# A boy and his dog agility video (if you just love dogs you need to watch)



## Crocky (Aug 16, 2013)

http://www.dogheirs.com/tamara/post...ing-competition-at-paragility-world-cup-video


----------



## MaggieRoseLee (Aug 17, 2001)

This is an AMAZING video. Makes me cry... happy cry!


----------



## bill (Nov 8, 2013)

MaggieRoseLee said:


> This is an AMAZING video. Makes me cry... happy cry!


Me to !I am 53 year old ex military hung ho airborne alpha male. Dogs. Are gods gift to man! If you can't love this I don't know!
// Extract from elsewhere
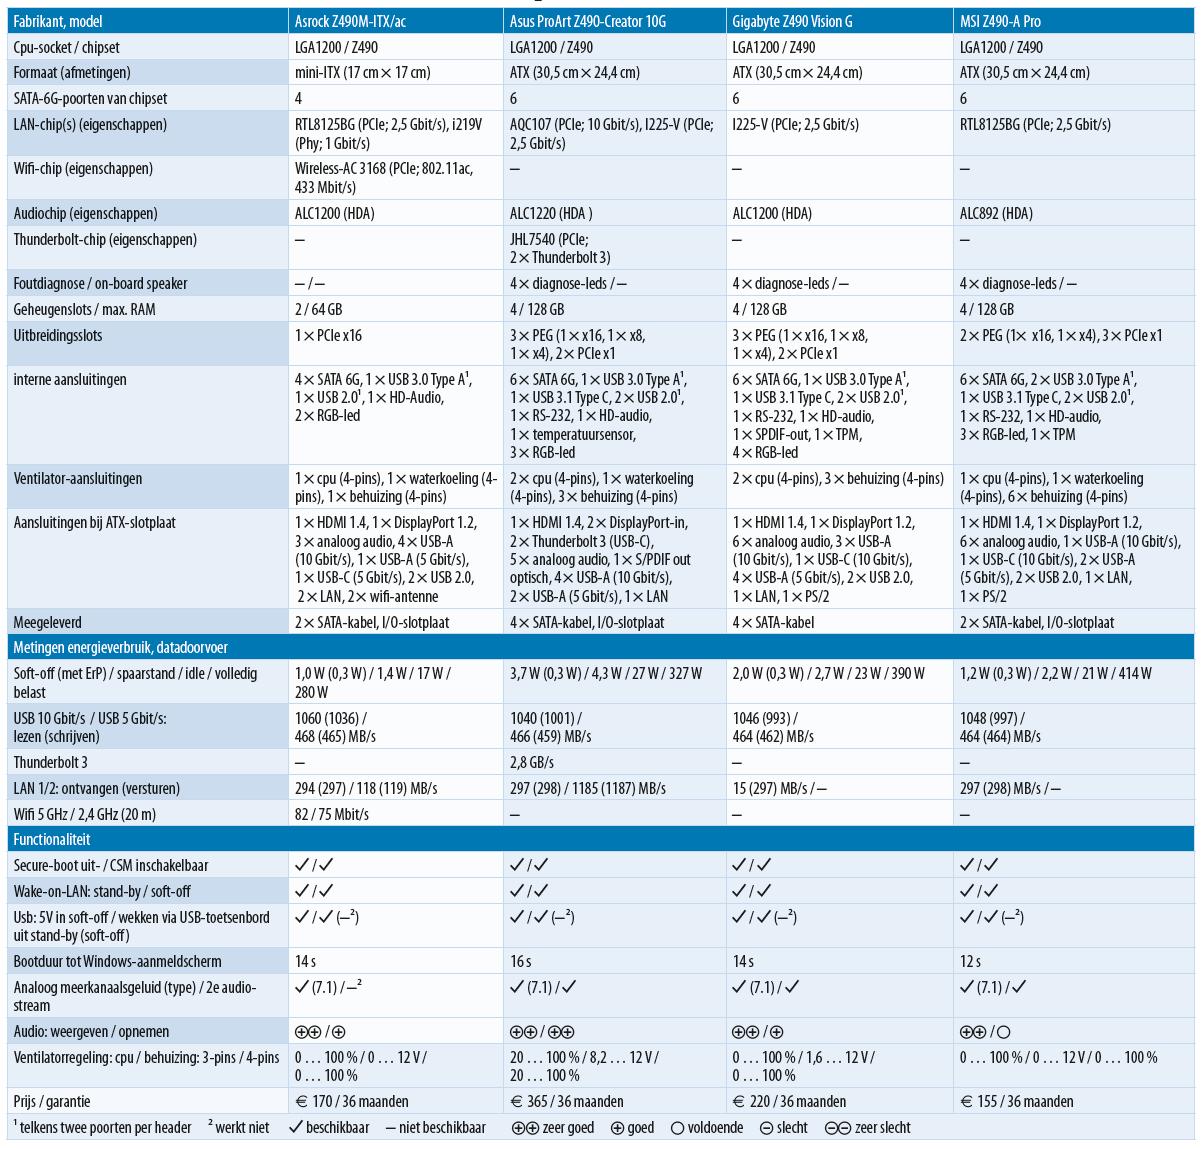 tabel Z490 moederbord test review LGA1200 vergelijking Intel Core-i.jpg

Dog backwards= god=love.Bill

Sent from Petguide.com Free App


----------



## Crocky (Aug 16, 2013)

I thought it was pretty amazing too!


----------



## MaggieRoseLee (Aug 17, 2001)

Fixed (i messed up the video but should work now)


----------



## ken k (Apr 3, 2006)

link doesn't work


----------



## MaggieRoseLee (Aug 17, 2001)

ken k said:


> link doesn't work


Think it's fixed now, thanks


----------



## holland (Jan 11, 2009)

That was amazing


----------



## ken k (Apr 3, 2006)

excellent video, and an incredible set of parents


----------



## blackshep (Aug 3, 2012)

I saw that, it made me cry! Amazing.


----------



## MaggieRoseLee (Aug 17, 2001)

blackshep said:


> I saw that, it made me cry! Amazing.


Me too, really shows how amazing dogs can be in our lives.


----------



## lafalce (Jan 16, 2001)

MaggieRoseLee said:


> This is an AMAZING video. Makes me cry... happy cry!


 
Same here. Brought tears to my eyes.


----------